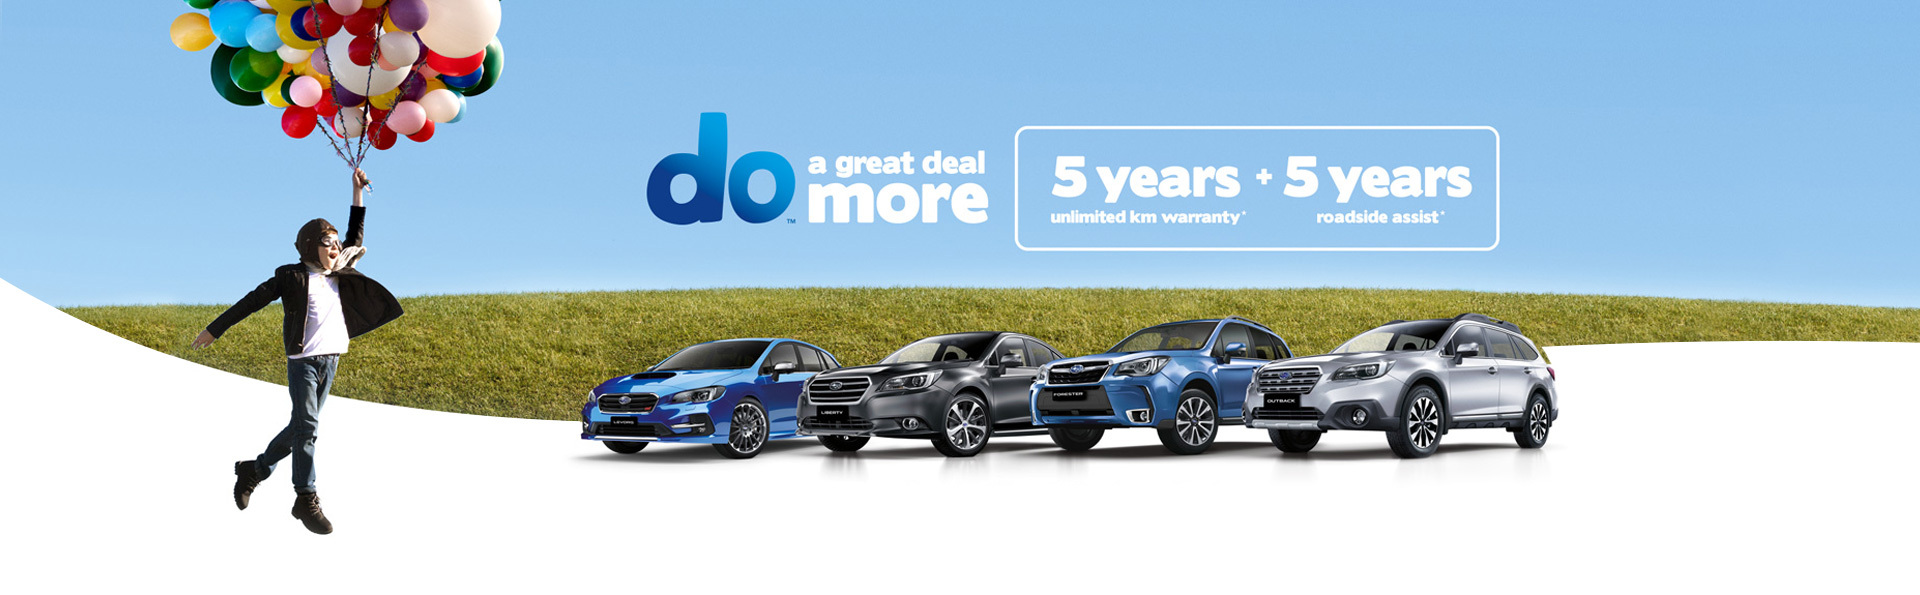 Subaru - National Offer - 5 Years Unlimited KM Warranty + 5 Years Roadside Assis
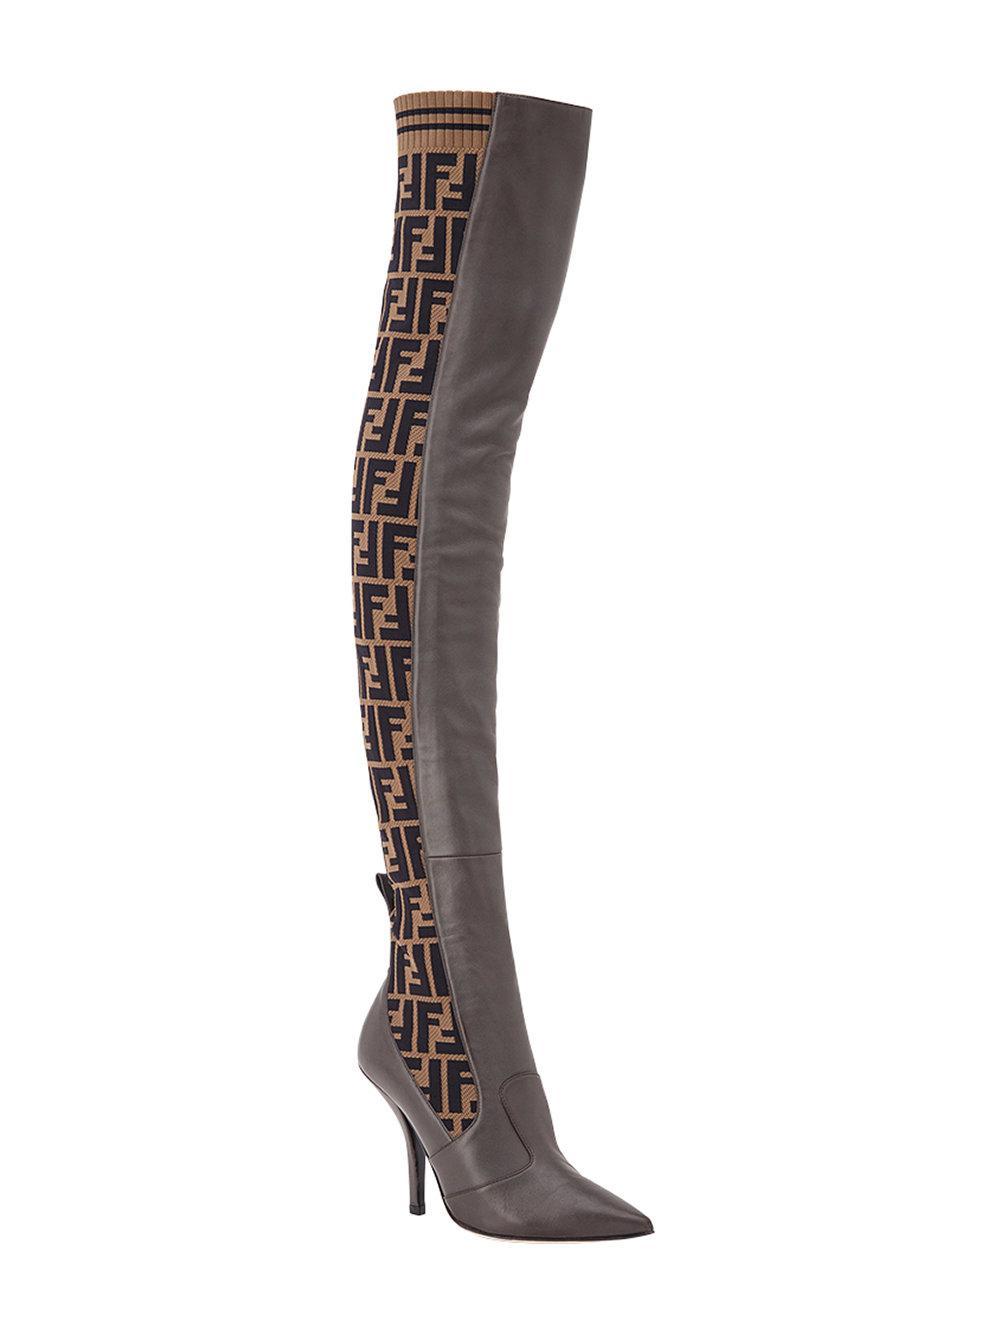 3c163d077e5 Lyst - Fendi Ff Motif Thigh-high Boots in Brown - Save 9%
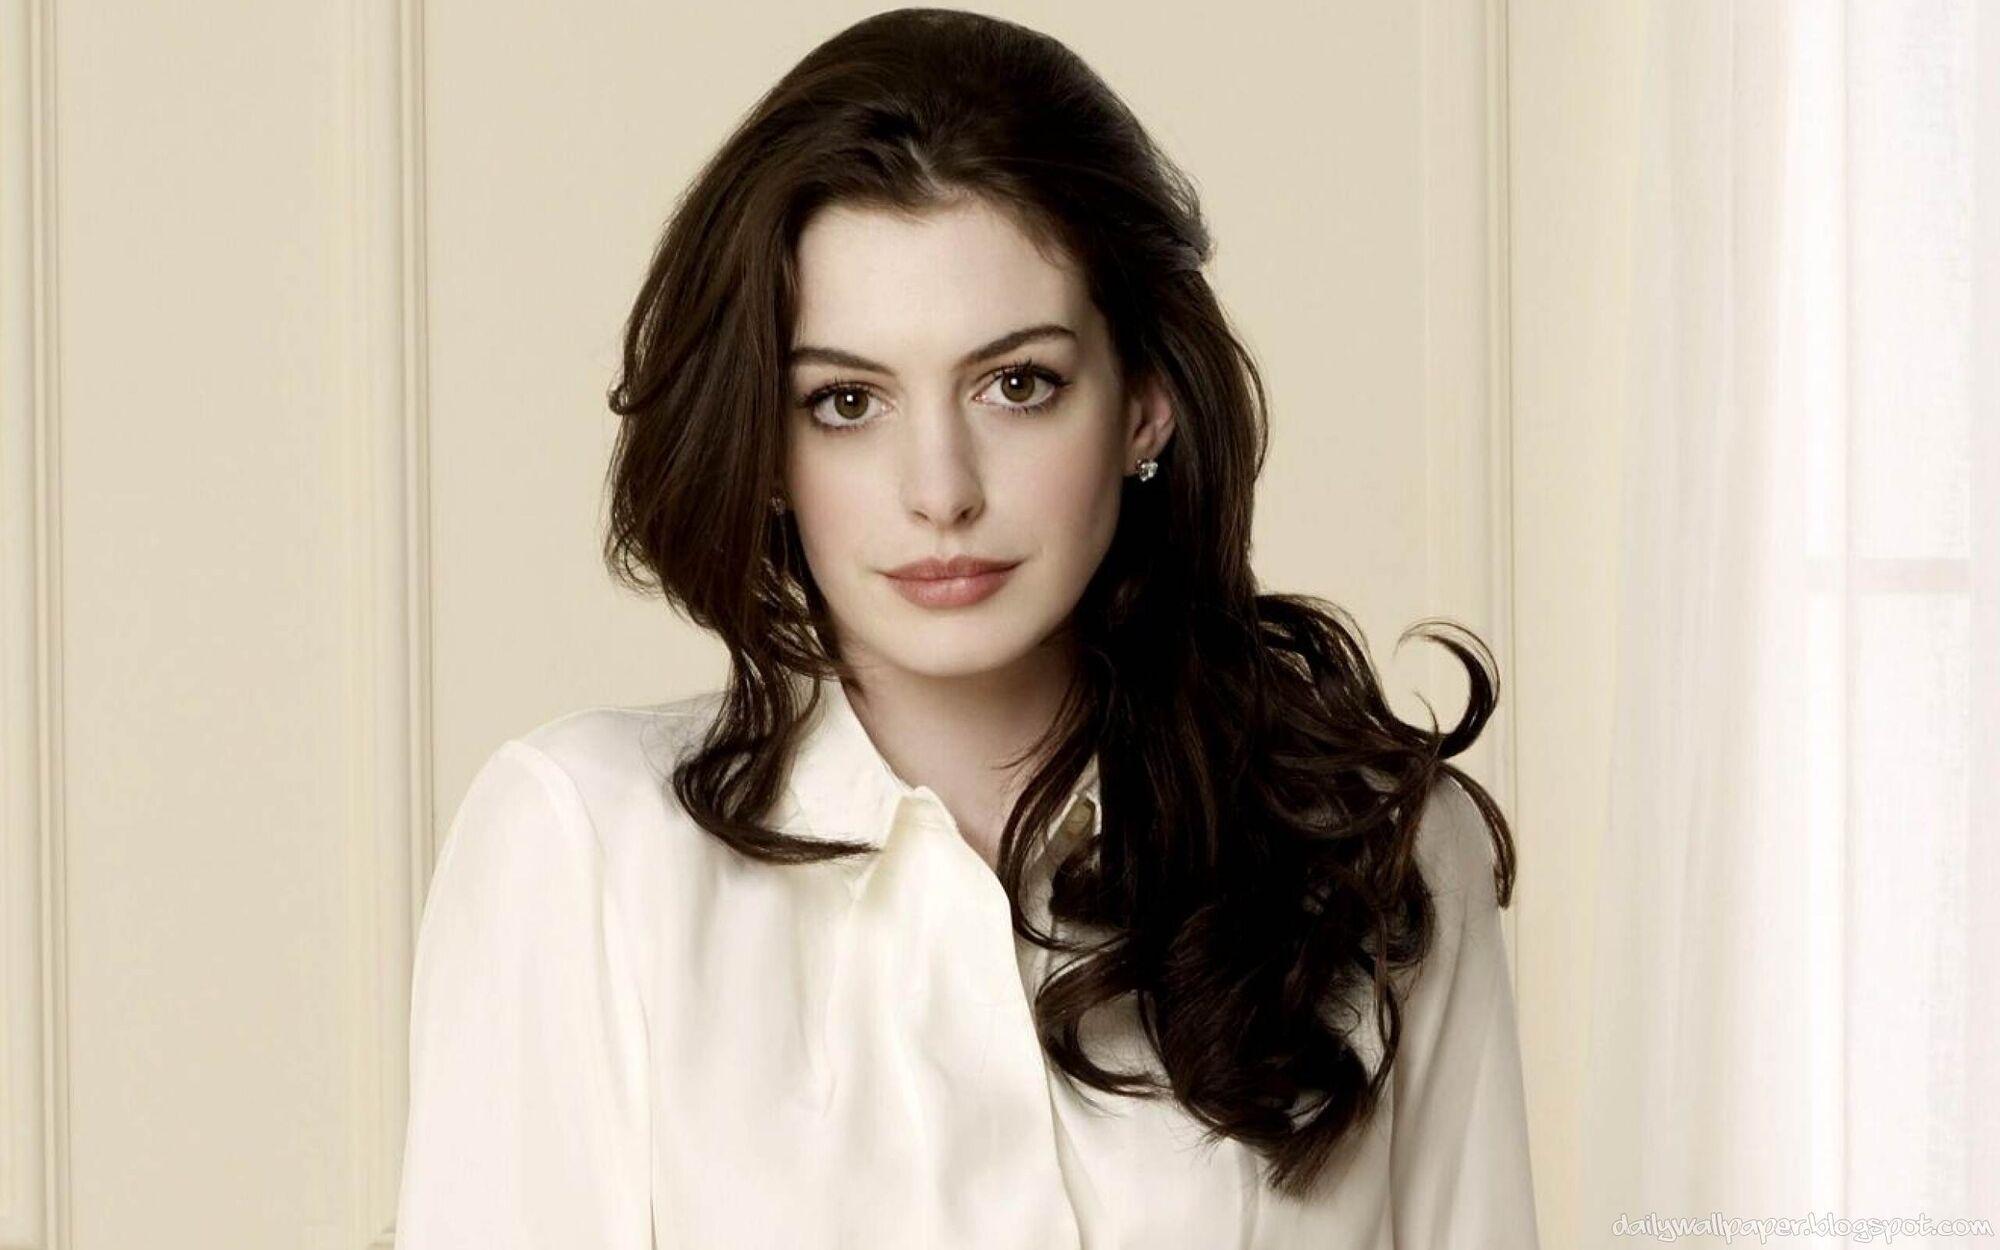 Anne Hathaway born November 12, 1982 (age 35)
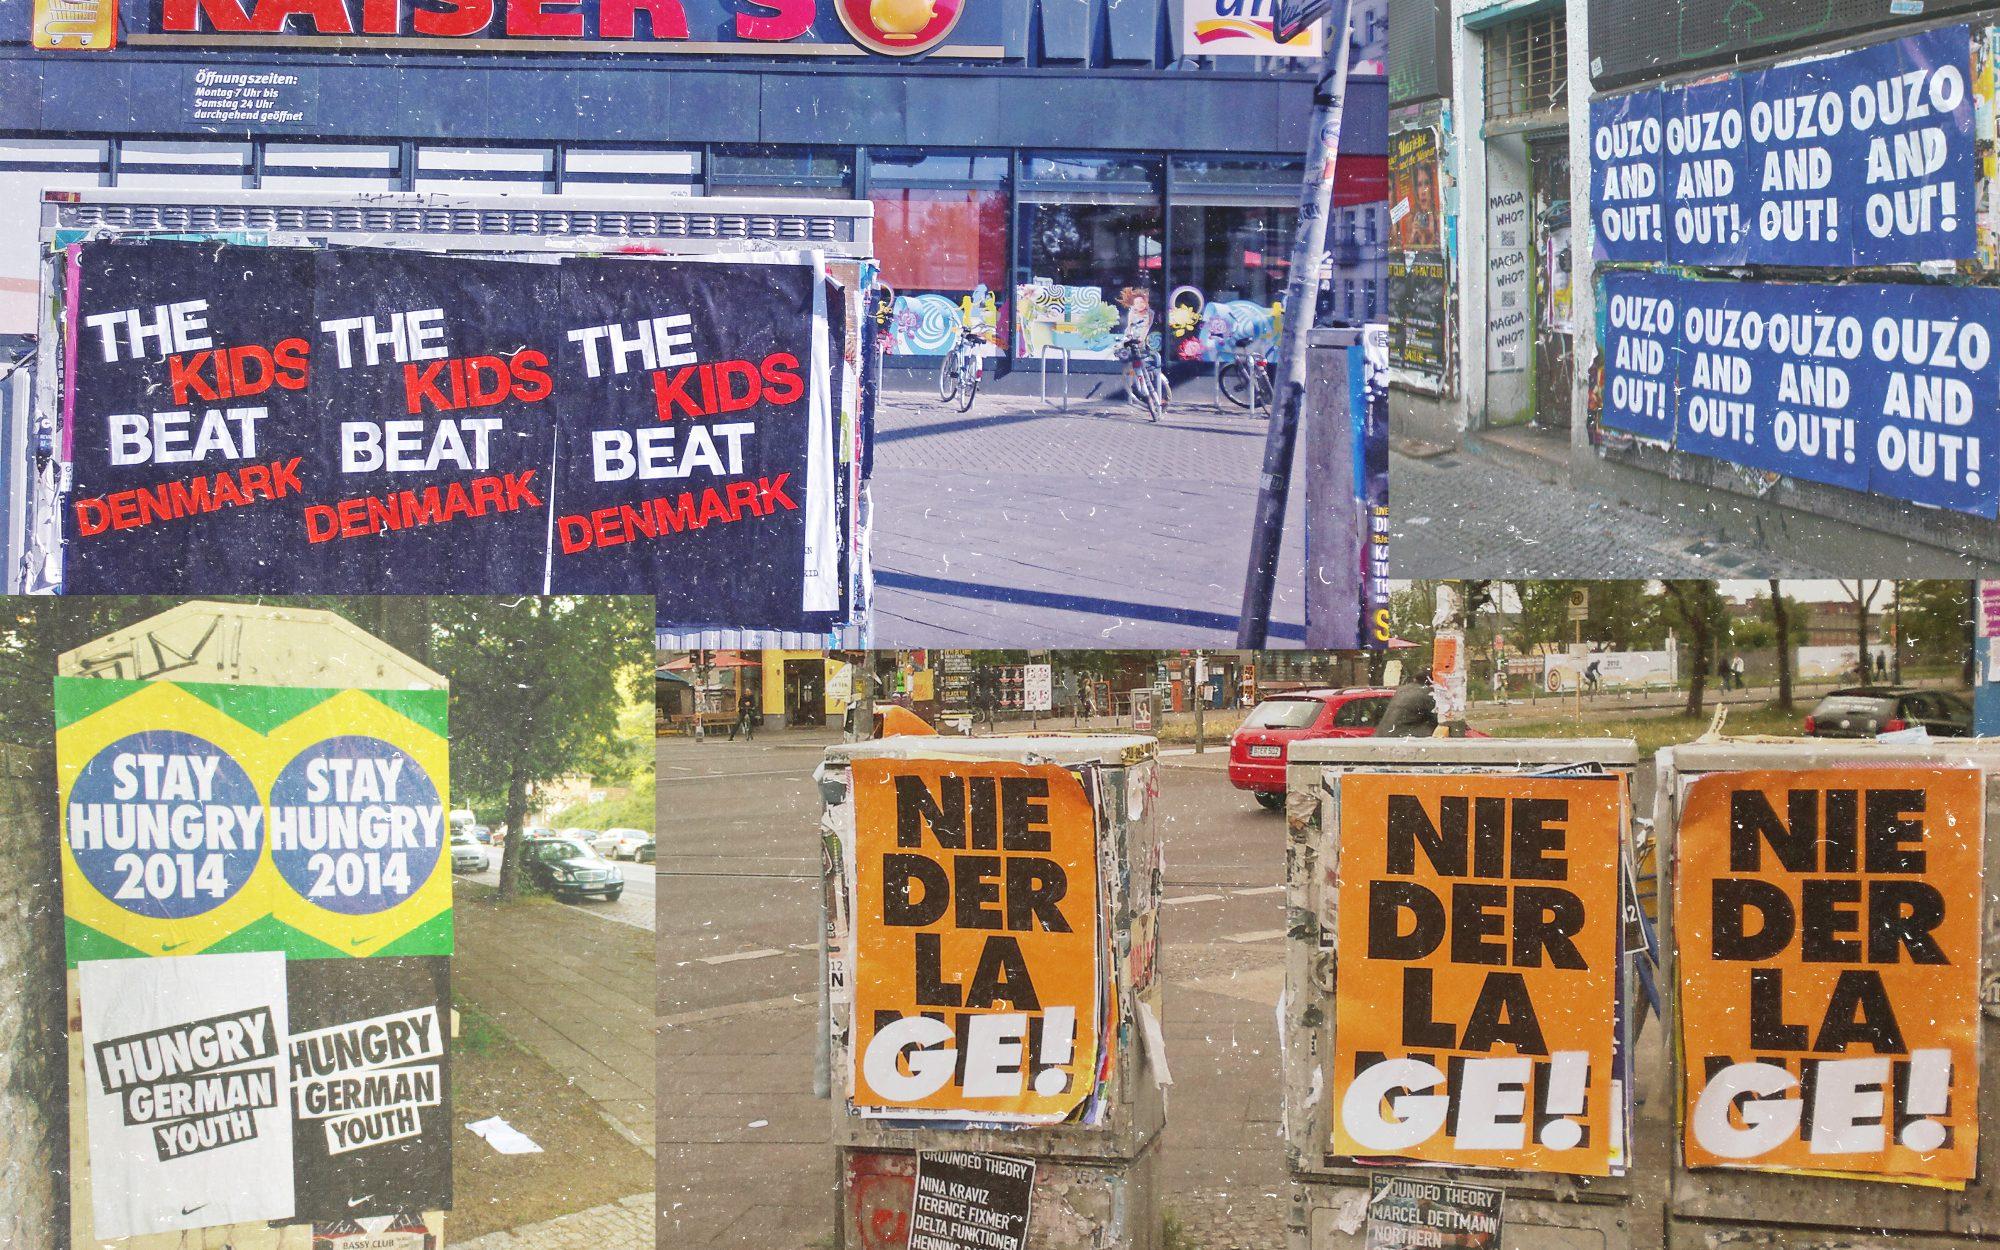 GRACO-Nike-Guerilla-Postering
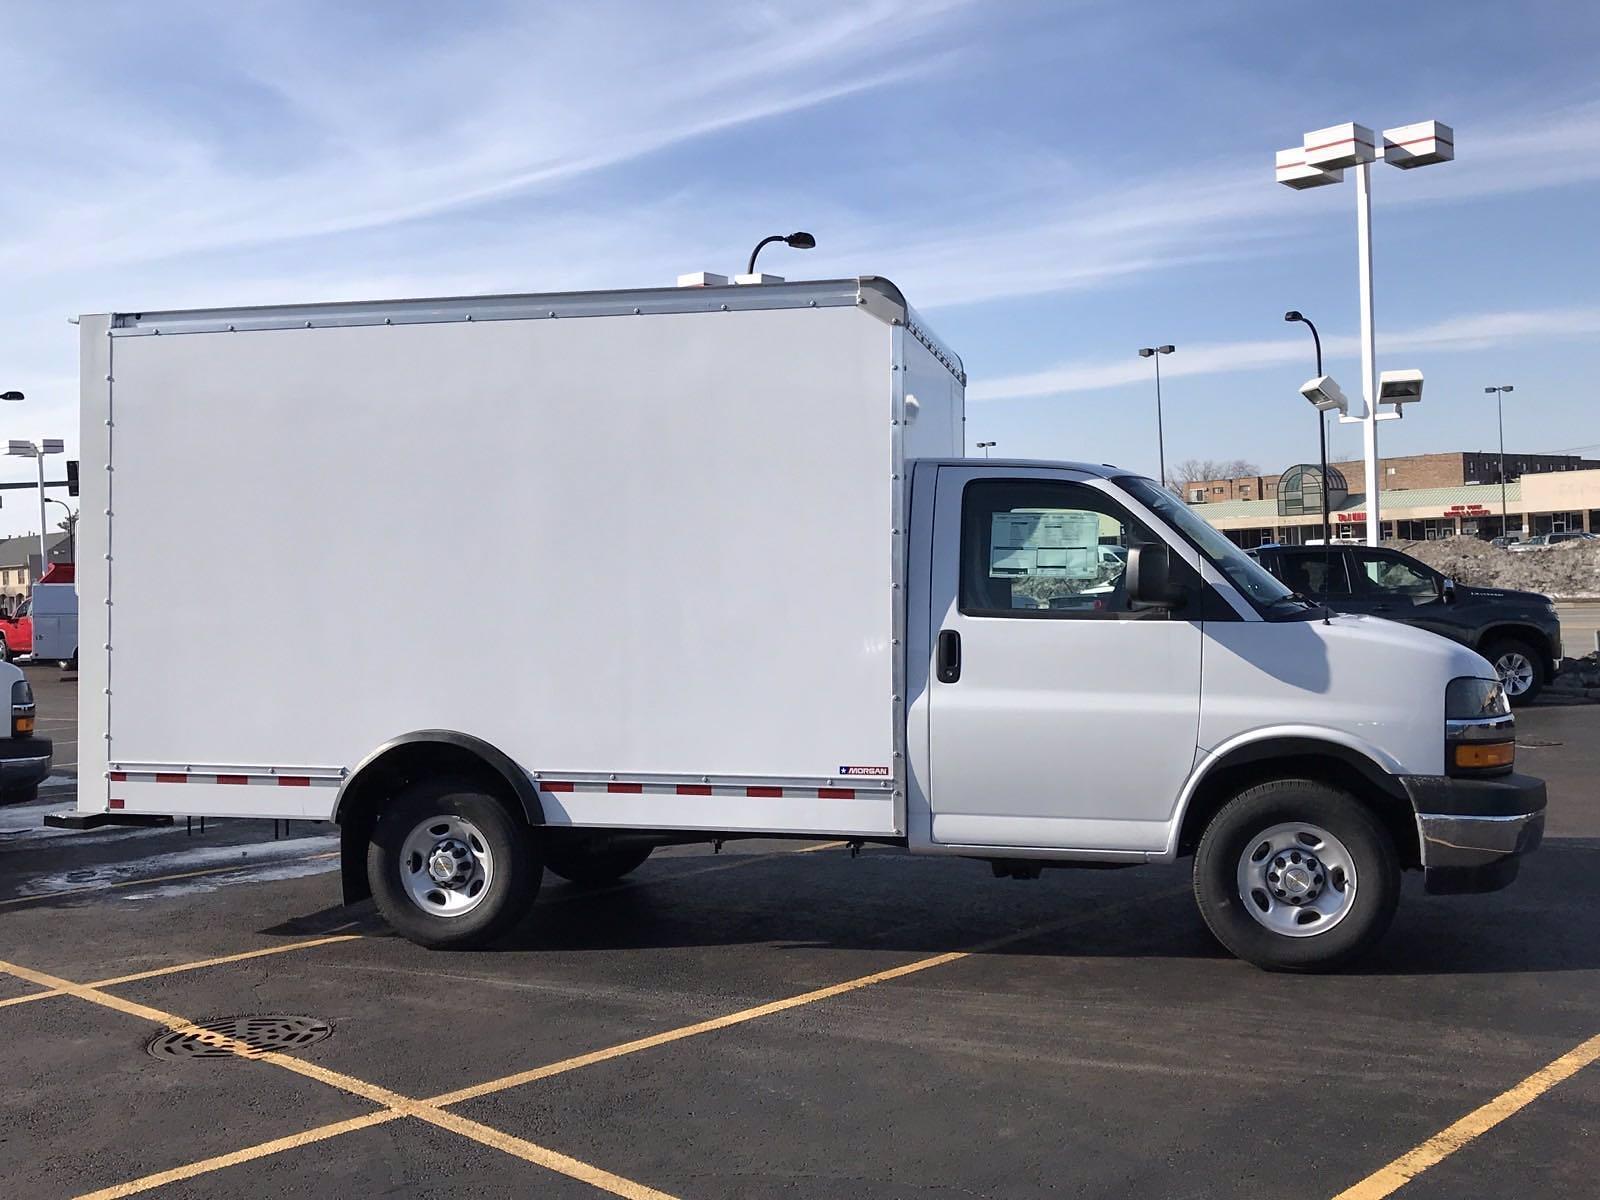 2021 Chevrolet Express 3500 4x2, Cutaway #B27920 - photo 1

TASK INSTRUCTIONS: Retype the entries exactly, skipping every picture.

WRITTEN ANSWER:
 Subaru - National Offer - 5 Years Unlimited KM Warranty + 5 Years Roadside Assis
 3c163d077e5 Lyst - Fendi Ff Motif Thigh-high Boots in Brown - Save 9%
 Anne Hathaway born November 12, 1982 (age 35)
 GRACO-Nike-Guerilla-Postering
 2021 Chevrolet Express 3500 4x2, Cutaway #B27920 - photo 1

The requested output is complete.